Big data in agriculture has immensely evolved the traditional agricultural practices [5]. Major sources 
of big data in agriculture include: 

— On-field sensors which provides real time insights about farm (biosensors and weather stations). 

— Airborne sensors, data captured from drones and satellites. 

— Data collected by governmental agencies and third-party organizations such as yearly statistical reports, 
rules and regulations. 

— Data from web available via online repositories, web services, and social media feeds. 

It is evident that the data produced by above-mentioned sources are heterogeneous in nature with 
varied level of volume, velocity and variety. However, efficient storage, processing and analysis of such diverse 
data for extracting valuable information such as precision farming is guaranteed by the big data proponents 
[22]. Big data technologies that can be used for such applications include Hadoop distributed file system 
(HDFS), HBase, Cassandra, Spark, Hive, tensorflow and many others [23]. 
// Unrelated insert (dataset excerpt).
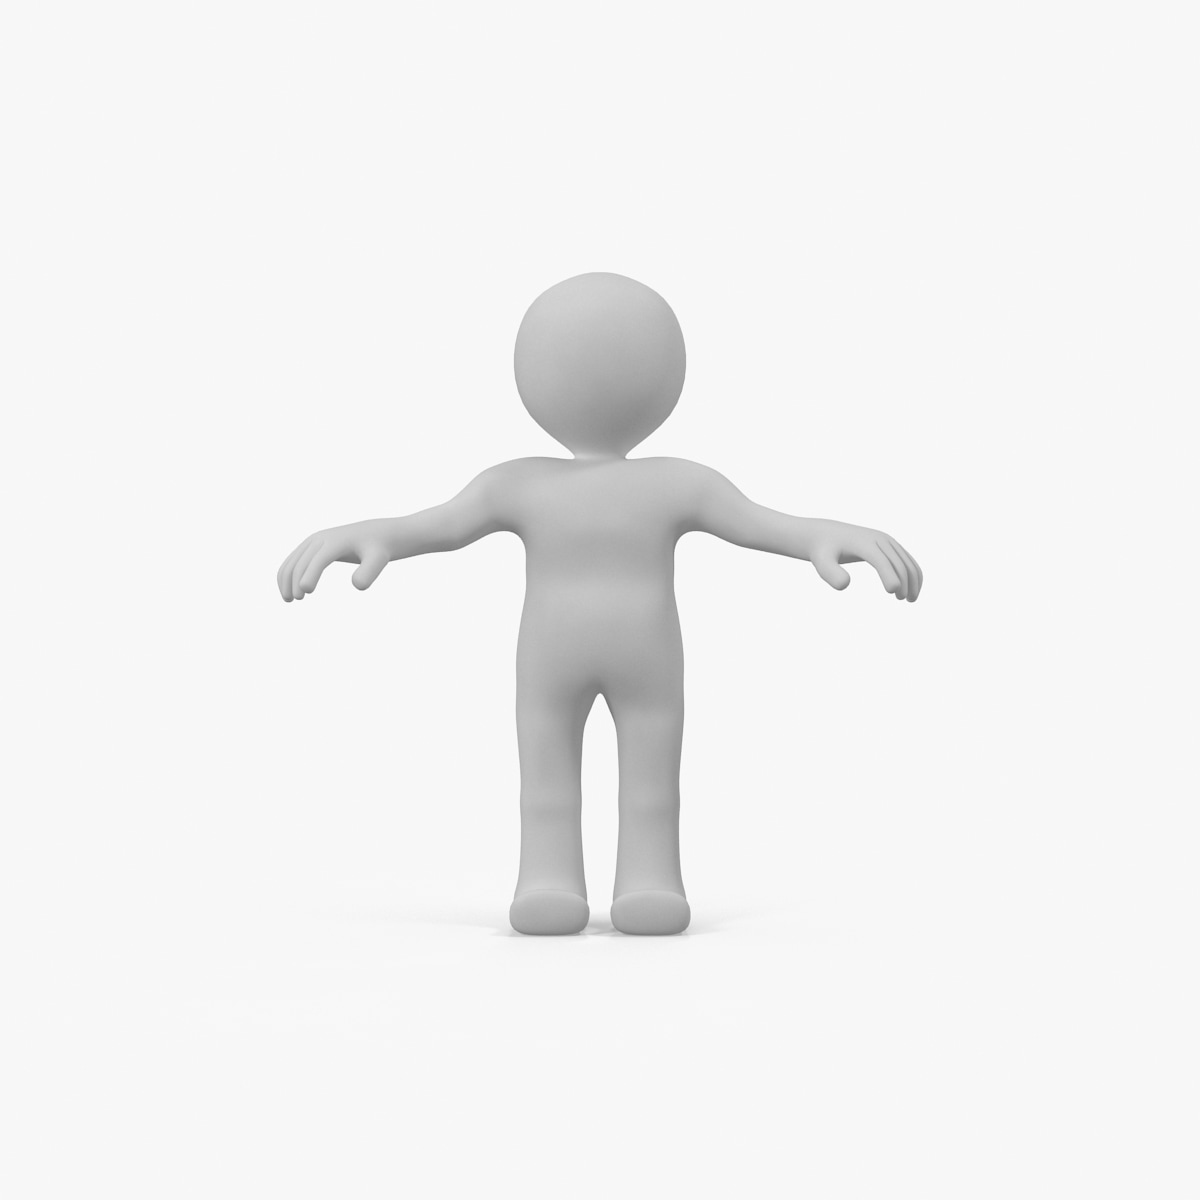 3d model rigged stickman cartoon character

Indonesian J Elec Eng & Comp Sci, Vol. 29, No. 3, March 2023: 1597-1605 


Indonesian J Elec Eng & Comp Sci ISSN: 2502-4752 O 1599 


3. RELATED WORK 

Climate change and growing population are turned out as serious threats to food security and major 
challenges for agriculture [24]. The total agricultural land utilized for food production has experienced a decline 
and with time the gap between demand and supply has become more significant [25]. To meet this rising 
demand, farmers need to produce approximately 70% more food by 2050, according to the UN food and 
agriculture organization (FAO) [26]. Consequently, the agriculture industry adopted technological trends and 
transformed into smart agriculture. Smart agriculture comprises of IoT, cloud computing, big data, and artificial 
intelligence improves crop yield, reduces waste, and optimizes supply chains [27]. 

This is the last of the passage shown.